2) In the fourth paragraph of section 2, an attempt
is made to disclaim dependence on a particular
character set. I believe that the wording
should be strengthened to something similar to
the wording specifically calling out [US-ASCII]
in section 1 of [UTF8].
3) The table in section 2.1 uses the leading bit
for initial but not subsequent values. This
means that there are encoding restart issues
that [UTF8] does not suffer from.
I believe the encoding should be made less
vulnerable to this problem, through a different
sequence of introduction bits.
4) In 2.5, there is a discussion of auto-detection.
This discussion should be removed.
The purpose of this encoding is to ensure that
legacy systems can interoperate with international
data elements.
If it is algorithmically possible to detect data
thus encoded, then this goal has failed to be met.
Note: One method that occurs to me is to modify
the alphabet; specifically, to remove all
vowels. This would be much less error
prone, if you _must_, for some reason,
attempt auto-detection. of data format.
5) In section 4, remove item "a", unless you specifically
restrict yourself to discussing possible resolver
behaviour on a legacy system.
Suggesting that other than binary data should be stored
in the iDNS is a blind alley which can trap us with
bulky data and fixed internal encodings forever.
I do not believe that UTF-5 should be applied to
the data actually stored in the iDNS, except as a
transform when externalizing that data to a legacy
application.
6) In section 4, item "b", remove the sentence:
"SMTP mailbox have a very strict check [RFC822]
dues to many potential security risks when using
symbols or special characters in mailbox."
This is a legacy data issue, not a security issue.
7) Reword the remainder of paragraph 1 of 4 "b".
I believe the emphasis on the idea that localization
of email addresses themselves in support of legacy
systems to be counter productive.
Specifically, I believe that said systems are more
likely to suffer from buffer overrun issues. Further,
it is not correct to suggest UTF-5 as a "fix" for
issues better address by DRUMS.
8) I believe that you should remove paragraph 2 of
4 "b".
9) Paragraph 3 of 4 "b" deserves to be its own point.
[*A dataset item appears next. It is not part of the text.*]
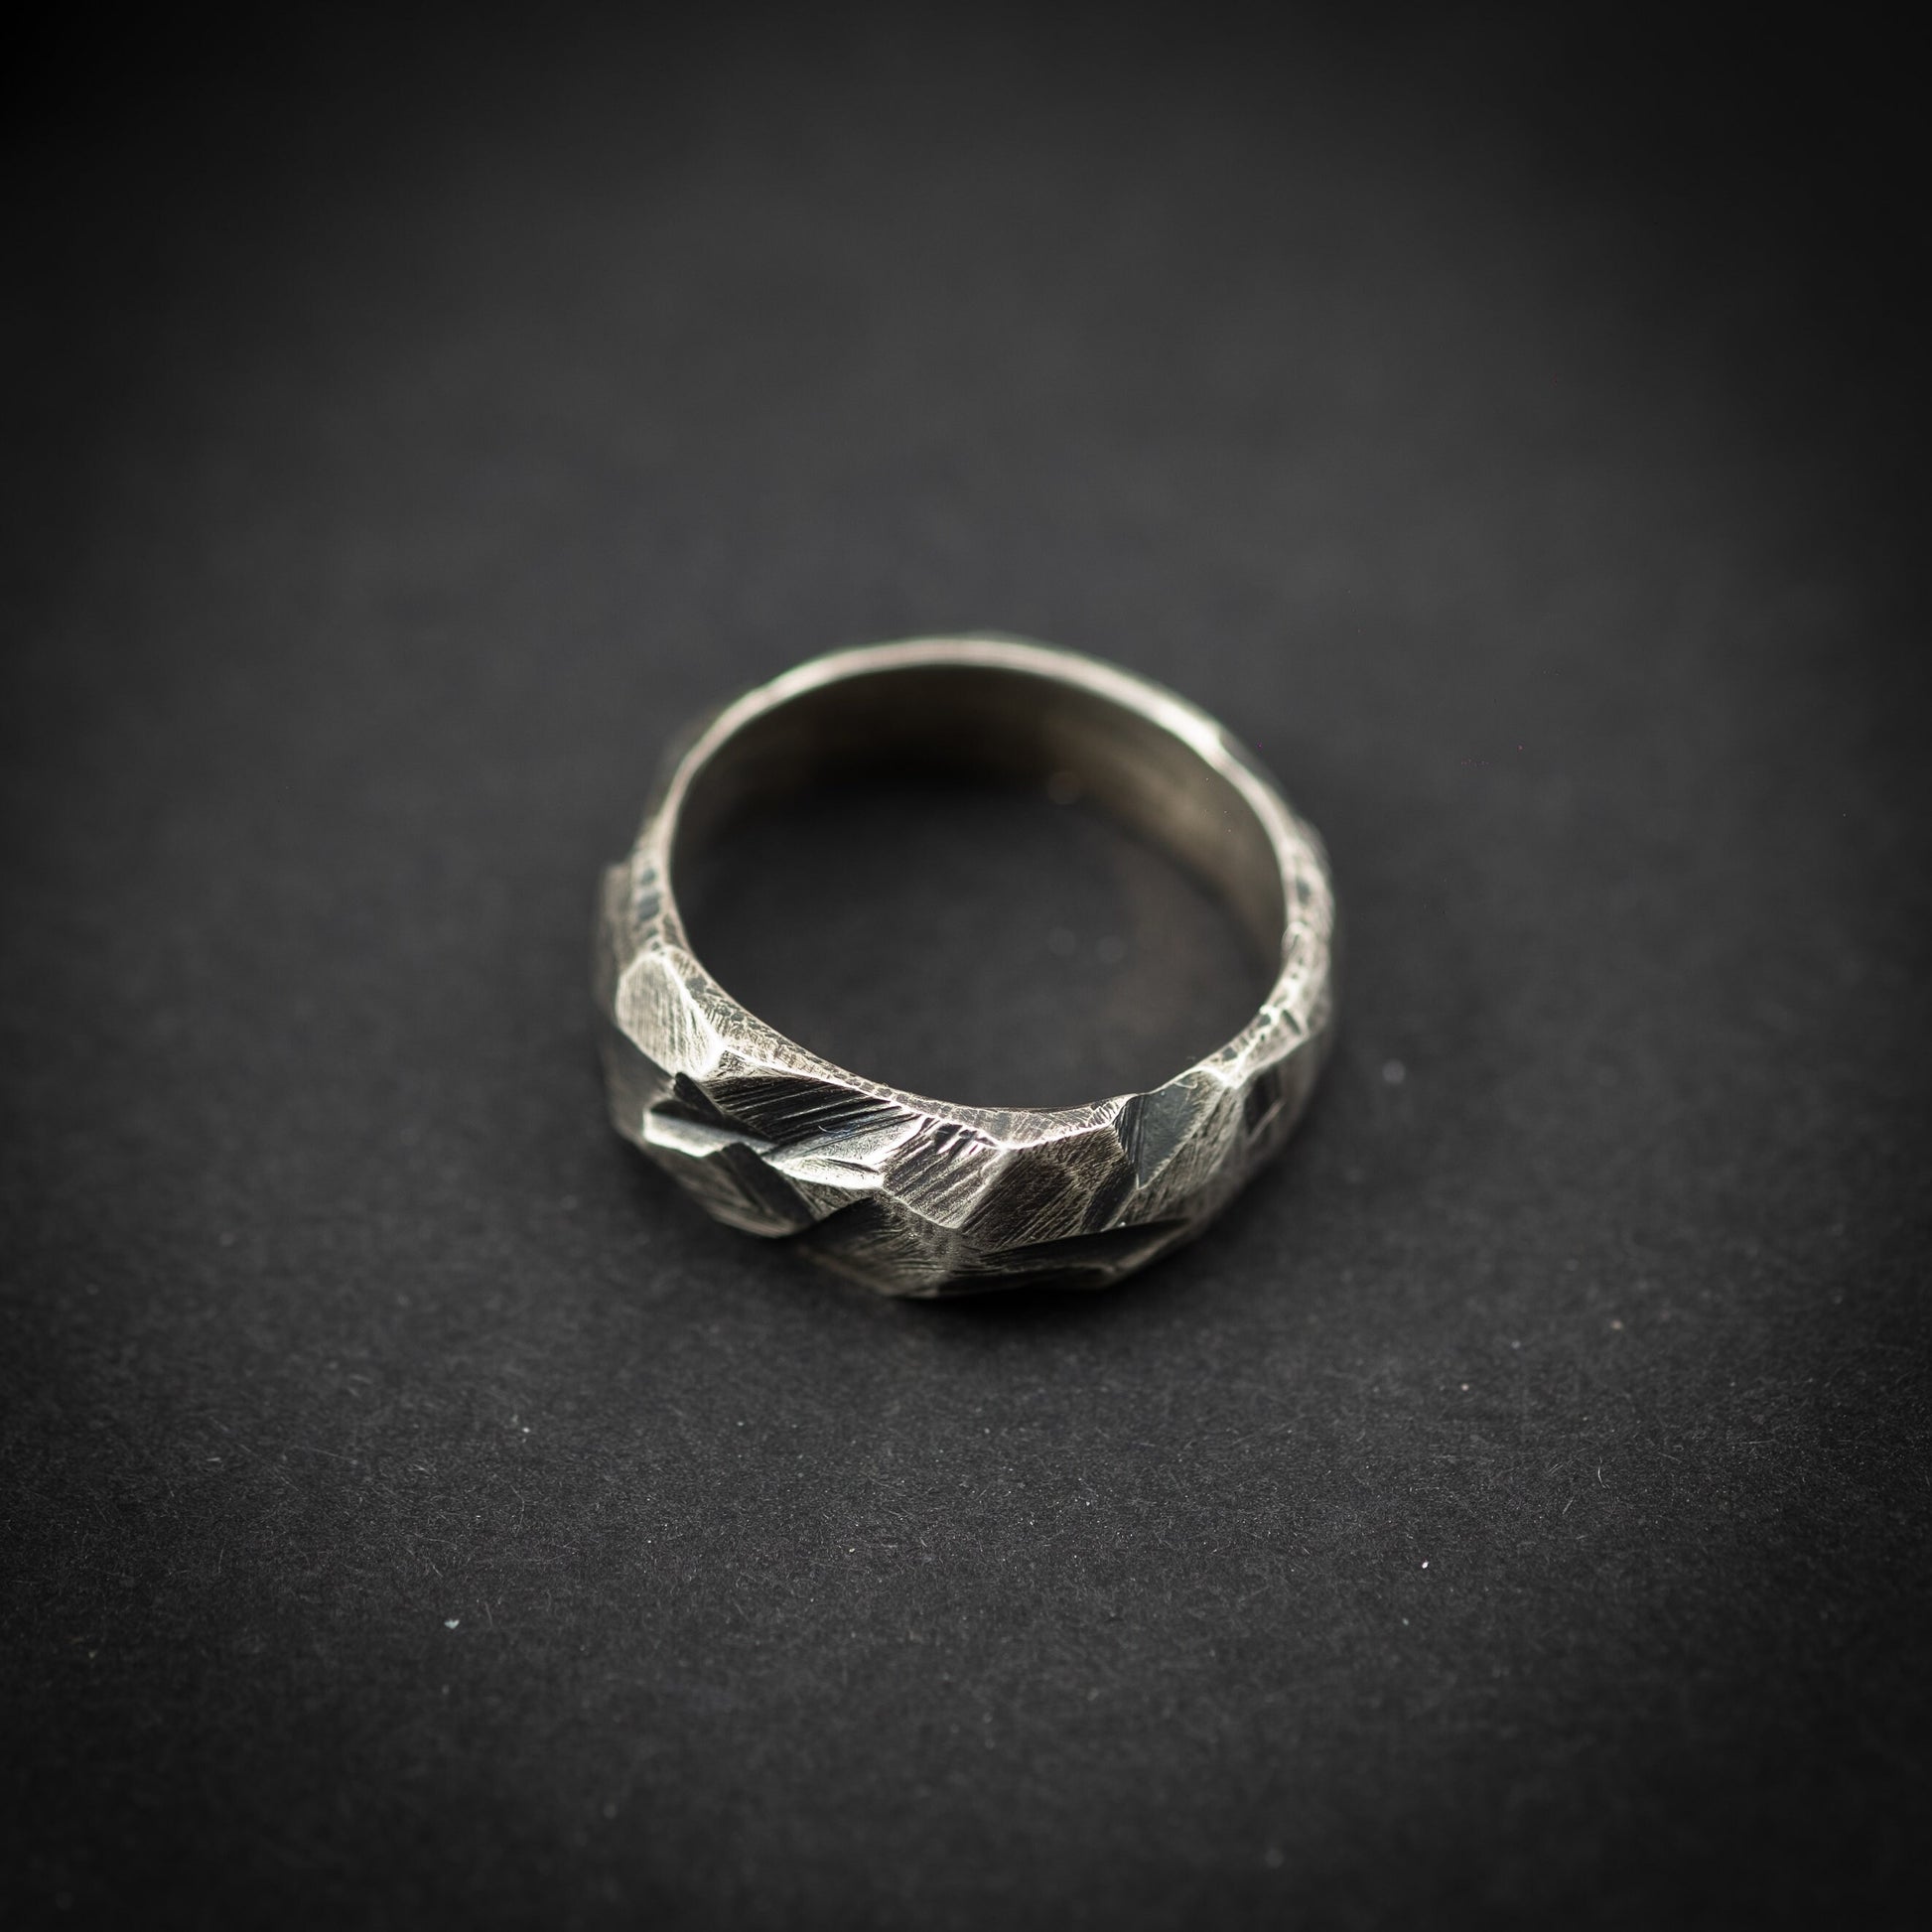 Rustic Silver mens ring, Unique gift for men, Raw brutalist ring, husband anniversary gift, handmade silver jewelry for men

10) Remove the reference to "morse code". Most of the
people in this forum appear to find it extravagant.
Suggested replacement examples:
o Caption Vision (closed captioning)
o Teletype
o Telephony
o Teletext
-- Terry Lambert
-- Whistle Communications, Inc.
-- terry@whistle.com
-------------------------------------------------------------------
This is formal notice under California Assembly Bill 1629, enacted
9/26/98 that any UCE sent to my email address will be billed $50
per incident to the legally allowed maximum of $25,000.